Kenapa tokoh yang akrab disapa JK ini terlihat anteng-anteng saja? Beberapa

hari lalu, dia diketahui justru asyik berlibur bersama anak dan cucunya ke Amerika

Serikat. Ada yang bilang, dia liburan, belanja-belanja, dan general check up rutin.

Seolah-olah dia tidak peduli dengan siapa akan menjadi apa di kabinetnya kelak.

Benarkah demikian?

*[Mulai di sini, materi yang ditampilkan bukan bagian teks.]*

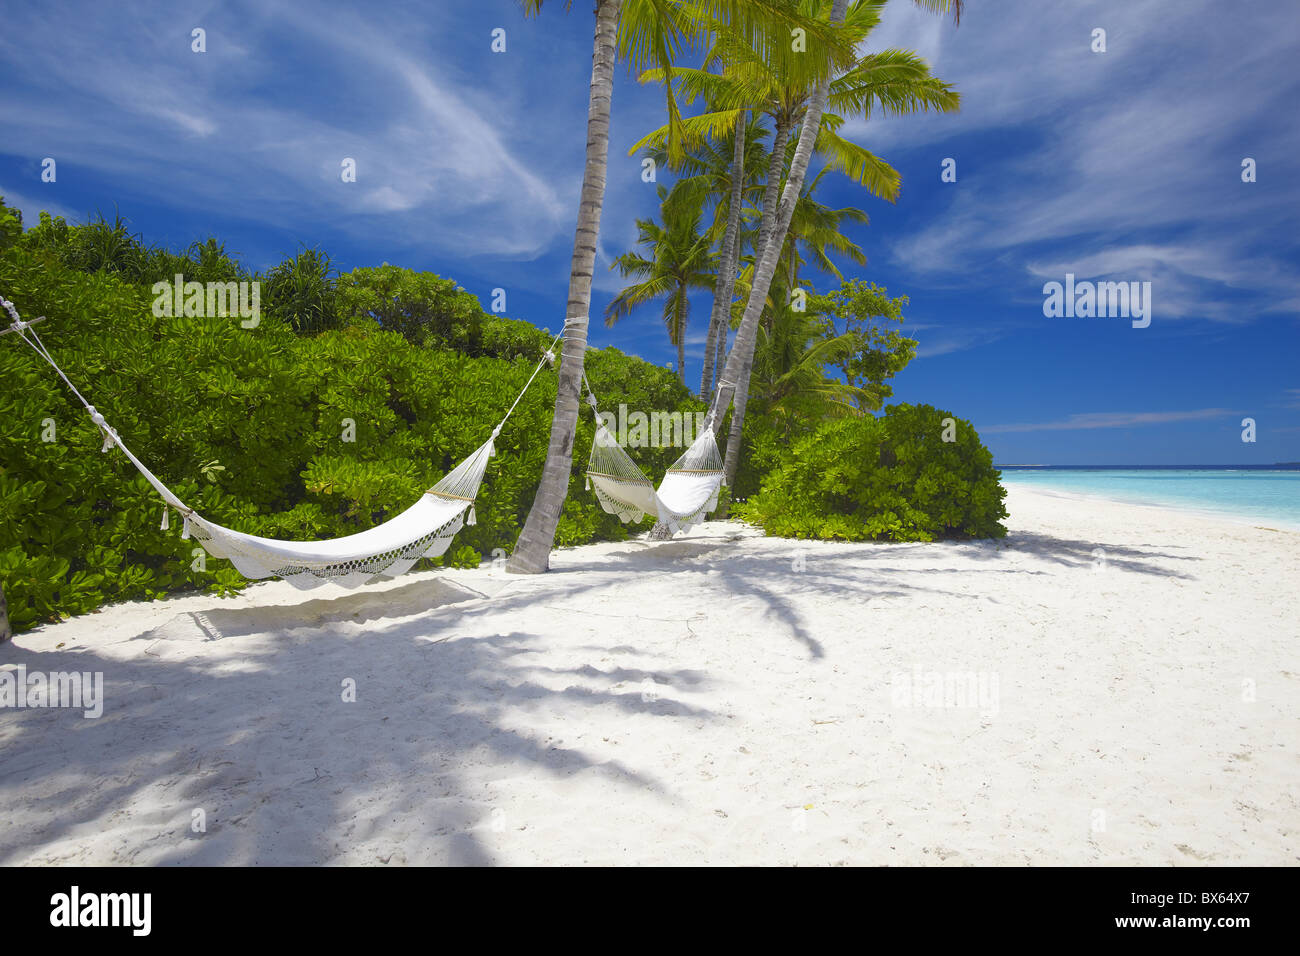 Hängematte auf leeren tropischen Strand, Malediven, Indischer Ozean, Asien Stockfoto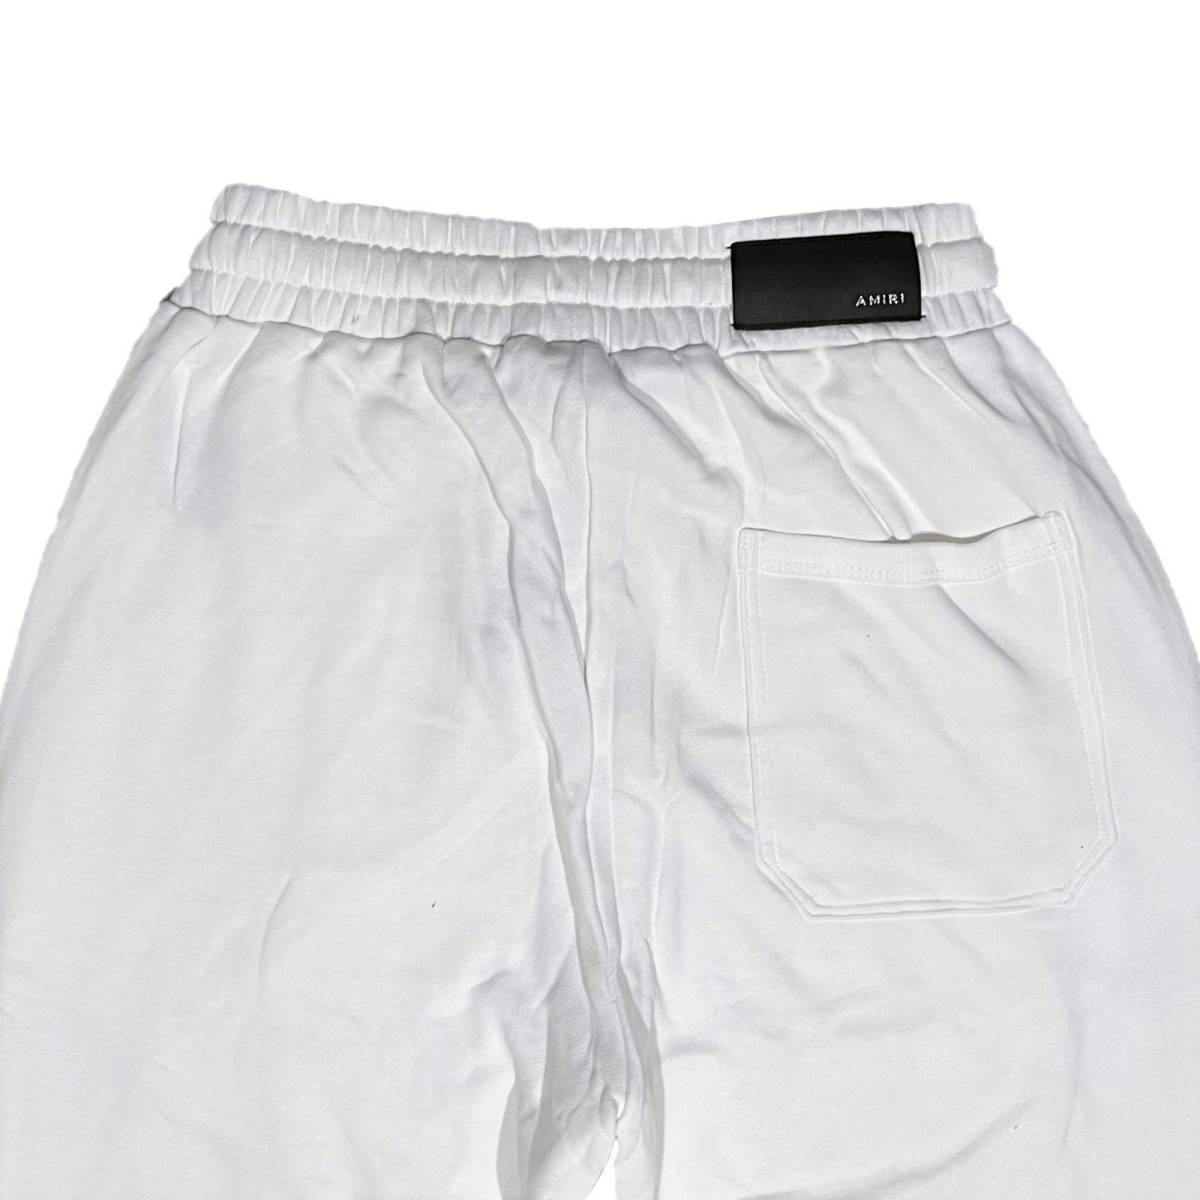 【翌日発送可能】 アミリ AMIRI [並行輸入品] Zoltar (L) (ホワイト) スウェットパンツ PANTS SWEAT ロゴ L

Satu hal yang pasti, dalam foto-fotoya yang beredar di media

sosial, ada Sofjan Wanandi dalam rombongan JK. Pertanyaannya, sejak kapan

pentolan CSIS dan Ketua Umum Asosiasi Pengusaha Indonesia (Apindo) itu jadi

keluarga besar JK? Atau, jangan-jangan mereka tengah mematangkan susunan dan

personel kabinet?

Untuk menjawab pertanyaan ini, baiknya kita mundur pada tahun 2004. Saat itu,

bersama Susilo Bambang Yudhoyono (SBY) dia dipercaya menjadi Presiden

dan Wakil Presiden. Kita tahu, SBY memperkenalkan tradisi baru rekrutmen

menteri. Di tangan SBY, memilih menteri berubah menjadi sinetron yang heboh.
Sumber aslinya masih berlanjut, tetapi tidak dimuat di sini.